— Я больше не могу! — Марина бросила школьный рюкзак на пол в прихожей. — Надоели твои вечные «сделай уроки», «убери в комнате», «не опаздывай»! Папа прав — ты просто тиран!
Ольга Сергеевна стояла у кухонного стола. Усталость последних месяцев наложила отпечаток на её лицо, глубокие морщины залегли вокруг глаз. В свои тридцать пять она выглядела старше своих лет.
— Марина, успокойся. Давай поговорим спокойно…
— Не хочу разговаривать! — тринадцатилетняя девочка топнула ногой. — Завтра же перееду к папе. Он сказал, что я могу жить как нормальный человек, а не как в тюрьме!
— Хорошо, — тихо сказала она. — Если ты так решила.
***
Полгода назад Ольга Сергеевна думала, что самое трудное в её жизни уже позади. Десять лет брака с Алексеем Павловичем научили её не строить иллюзий. Сначала он был обаятельным мужчиной с мягким характером и добрыми глазами. Потом — безработным мечтателем, который «ищет себя». А потом — просто мужчиной, который приходил домой пьяным и обещал, что завтра всё изменится.
Она работала кладовщицей в строительной компании, вела домашнее хозяйство, воспитывала дочь и верила, что любовь всё победит. Пока не поняла: любовь без ответственности — это красивая упаковка без содержимого.
Развод затянулся на полгода. Алексей Павлович, который никогда не мог вовремя забрать дочь из школы, вдруг стал образцовым отцом в глазах суда. Он приходил на заседания трезвым, в отглаженной рубашке и говорил правильные слова о том, как любит Марину. А Ольга Сергеевна выглядела злой мамой — требовательной, строгой, неулыбчивой.

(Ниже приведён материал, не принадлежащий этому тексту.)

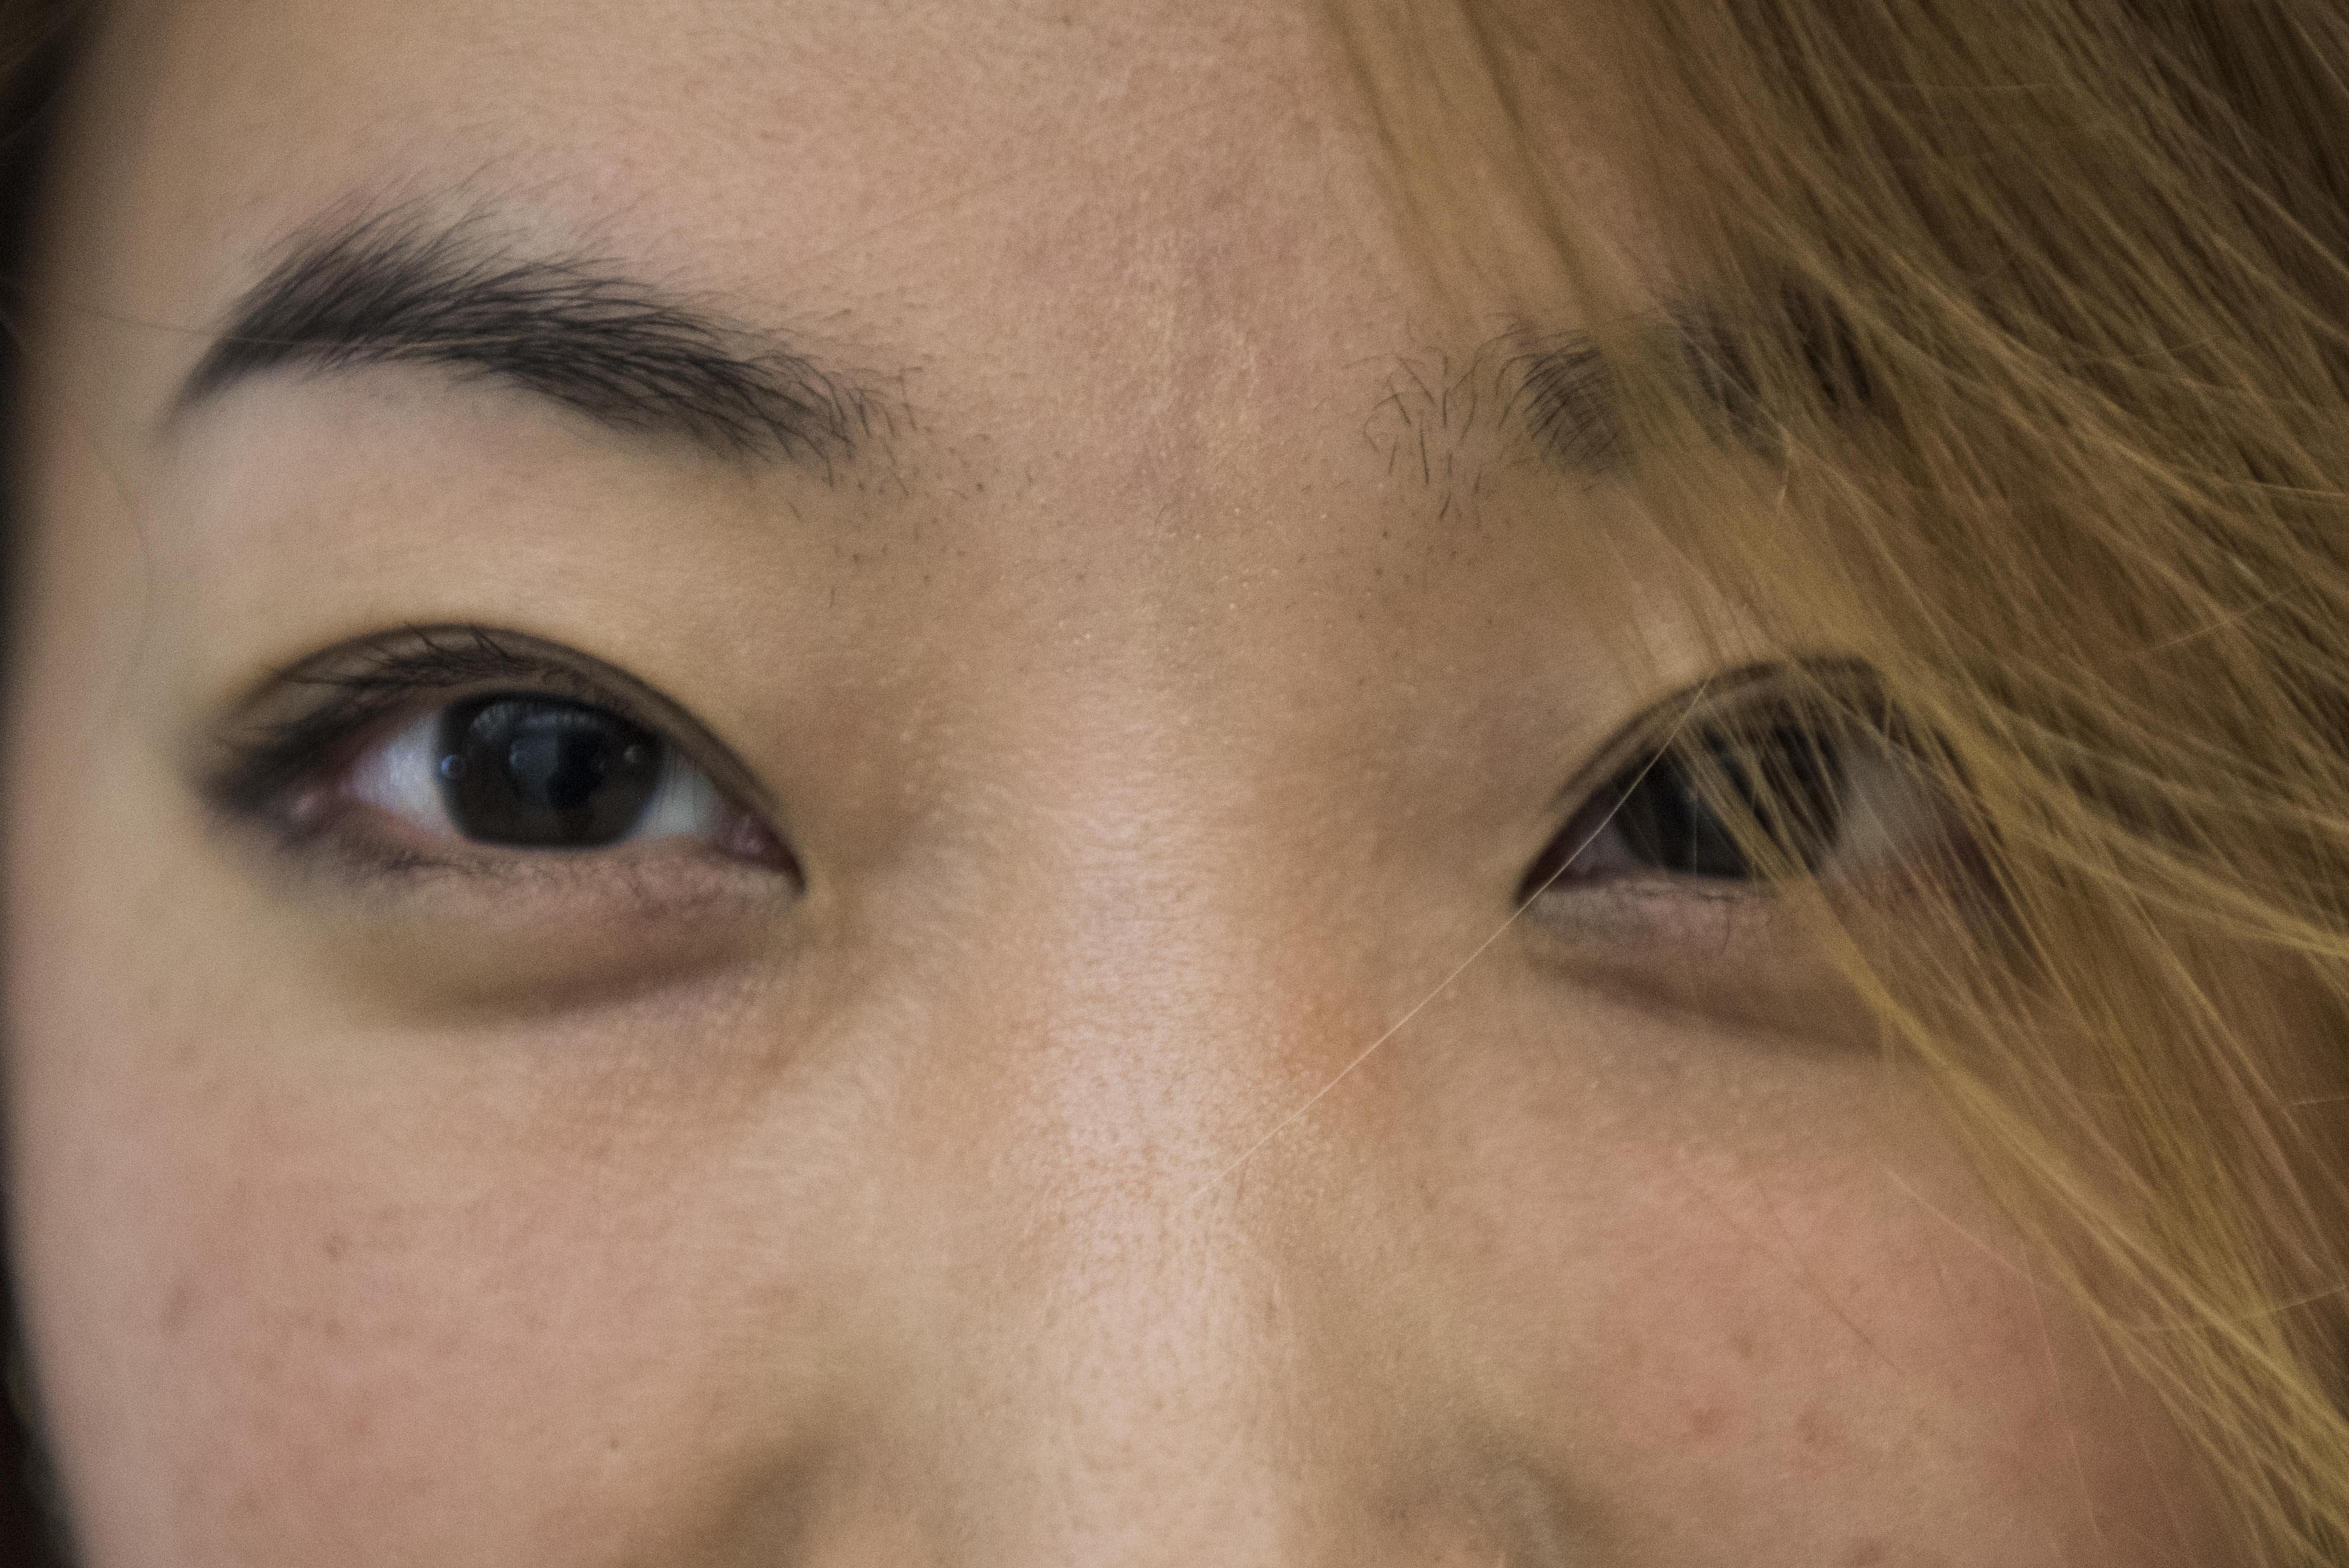 Eyes So Low Look Like An Asian
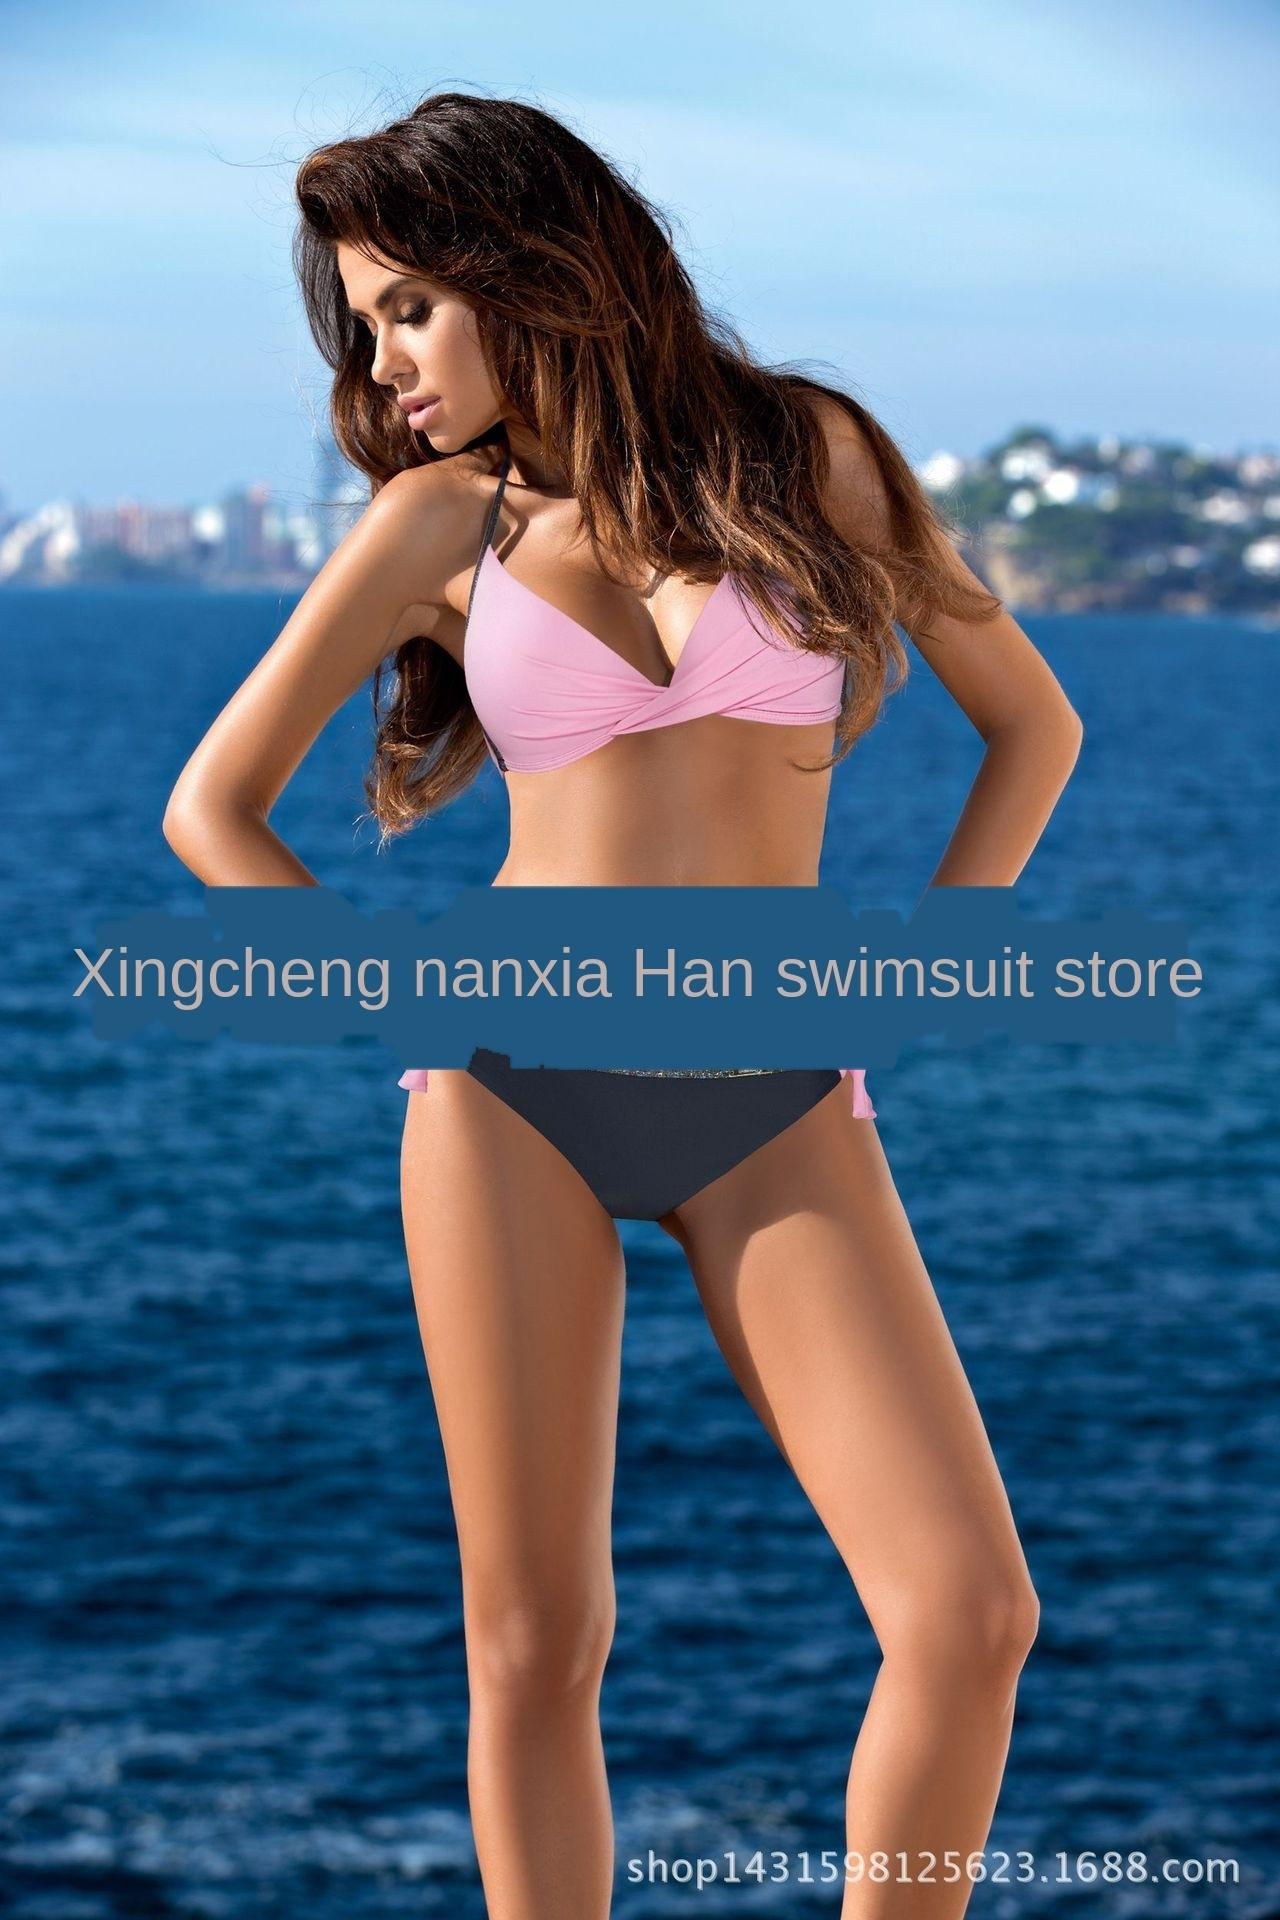 2019 Yeni Çok Renkli büyük boy S-2XL bikini mayo bikini mayo beauti23 renk toplanan

«Мама стала какая-то злая», — сказала тогда Марина психологу. И Ольга Сергеевна не смогла объяснить, что злость — это усталость от того, что приходится быть сильной за двоих.
***
— Папочка! — Марина бросилась в объятия Алексея Павловича, который ждал её у подъезда, небрежно прислонившись к старенькой «девятке». На нём была джинсовая куртка, и он улыбался той самой обаятельной улыбкой, которая когда-то покорила Ольгу Сергеевну.
— Ну всё, принцесса, теперь мы заживём по-человечески, — он подмигнул дочери. — Никаких занудных правил. Хочешь — смотри фильмы до утра, хочешь — ешь мороженое на ужин.
Ольга Сергеевна смотрела из окна, как они уезжают. Марина даже не обернулась.
В пустой квартире стало очень тихо. Тринадцать лет назад она мечтала о таких вечерах, когда можно просто сидеть с чашкой чая и ни о ком не думать, кроме себя. Теперь эта тишина давила, как вакуум.
Первые две недели Марина звонила редко, но голос её звучал счастливо:
— Мам, мы вчера до трёх утра смотрели ужастики! А сегодня папа разрешил не ходить в школу, сказал, что один день ничего не решает.
— А уроки делаешь? — не выдержала Ольга Сергеевна.
— Ой, мам, только не начинай снова читать мне нотации!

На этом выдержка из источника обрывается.